What’s Missing from the Lathrop Plan?

Today’s blog is penned by Julie Elena Brown, Co-Director of our Public Housing program and Senior Staff Counsel, and is part of an ongoing series of posts designed to provide insights and opinions directly from the desks of BPI staff and supporters.

Lathrop HomesThe plan for redeveloping Lathrop Homes continues to stimulate conversation and controversy. As a participant in the Lathrop Working Group, BPI is deeply involved in the discussion. We think there’s much good about the Lathrop Plan, but also some crucial missing pieces.

What do we like about the Plan? It offers rental housing opportunities for residents with a mix of income levels. We like that the majority is low-income housing: 400 public housing and 212 affordable units, in addition to the 92 CHA elderly units to remain on site. The remaining 504 rental units will be “unrestricted” as to income (more on that below). The planned 492 CHA units (over 40%) are more than the “usual” one-third public housing found in a number of other CHA mixed-income sites. It is our view that the Lathrop community, already highly gentrified, can support this level of low-income housing.

We also like that the Plan takes some steps toward opening up the site and the riverfront to the surrounding community, and providing more through streets to weave Lathrop back into the neighborhood street grid. Although in our view it could go even further in this regard, the planners were faced with balancing the need to do so with concerns raised by historic preservation proponents.

So, what’s missing? Three things. First, the Plan would reduce by 525 the number of public housing units in this “opportunity” neighborhood. That’s why we have urged CHA to replace each of these “lost” public housing units in designated opportunity areas of Chicago’s North Side. Doing so will require a clear and specific plan, and a firm commitment to carry it out from CHA. Fortunately, CHA has new tools with the potential to provide realistic ways to acquire opportunity area units. It may not be easy; developing public housing in North Side opportunity neighborhoods will take time, effort and community support. Even so, CHA should make it an important priority. In the midst of a severe affordable housing shortage, CHA’s mixed income redevelopment effort should not exacerbate the problem.
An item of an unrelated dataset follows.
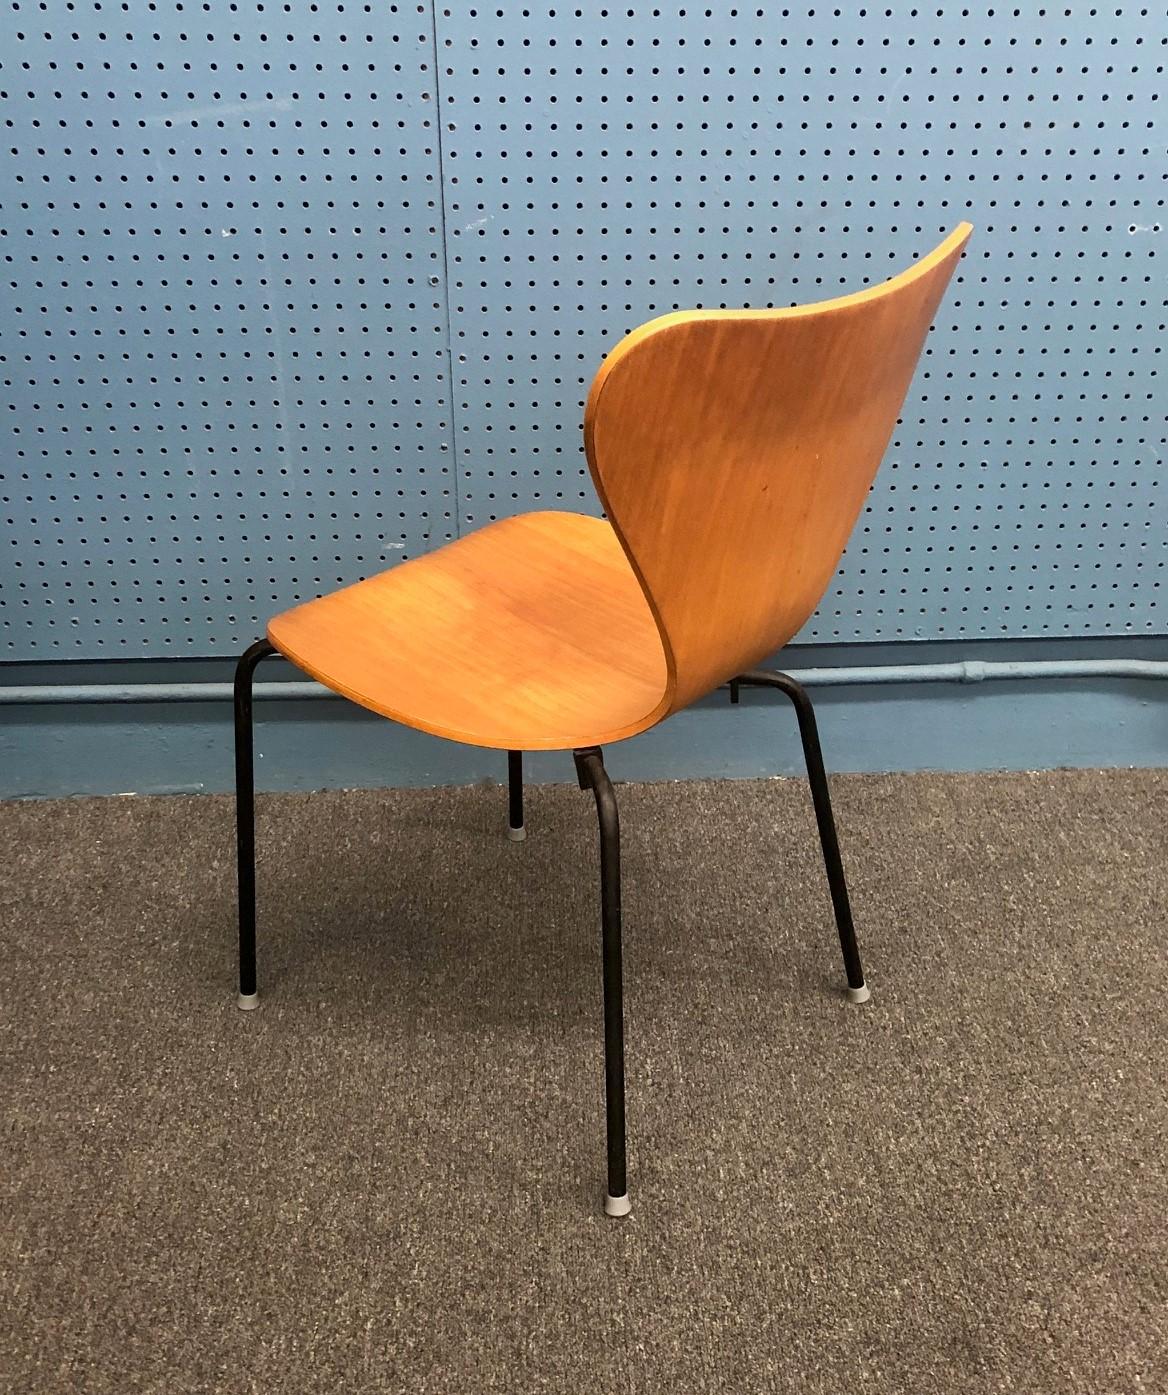 Danish Modern Chair in Teak by Herbert Hirche for Jofa Stalmobler In Good Condition For Sale In San Diego, CA

Second, given the expensive housing surrounding Lathrop, we believe the planned rental units should include a substantial component of moderately priced housing for working families. The planned public and affordable housing will likely be restricted to families earning between 0% and 60% of the area median income (up to about $45,000 per year for a family of four). However, families earning 60% to 80% (even 100%) of median—working families of moderate means, including people like medical technicians, young teachers, and entry level firefighters —will not be able to afford the market rate housing currently available in the Lathrop neighborhood. Incorporating moderately priced housing in the Plan would make affordable housing available to more families and enable working families to remain in the neighborhood as their incomes rise and life circumstances change.

Third, the new Lathrop will have the best chance for success if it is home to a great public elementary school. For this, CHA needs to forge a strong working partnership with its sister agency, Chicago Public Schools, and make that great Lathrop public school a shared priority.

The Lathrop Plan, advanced by CHA and the Lathrop development team, provides a solid foundation upon which to build a thriving community. Addressing these three missing elements will help to ensure that the new Lathrop meets the needs of all its residents and their neighbors, and results in the vibrant community the Plan envisions.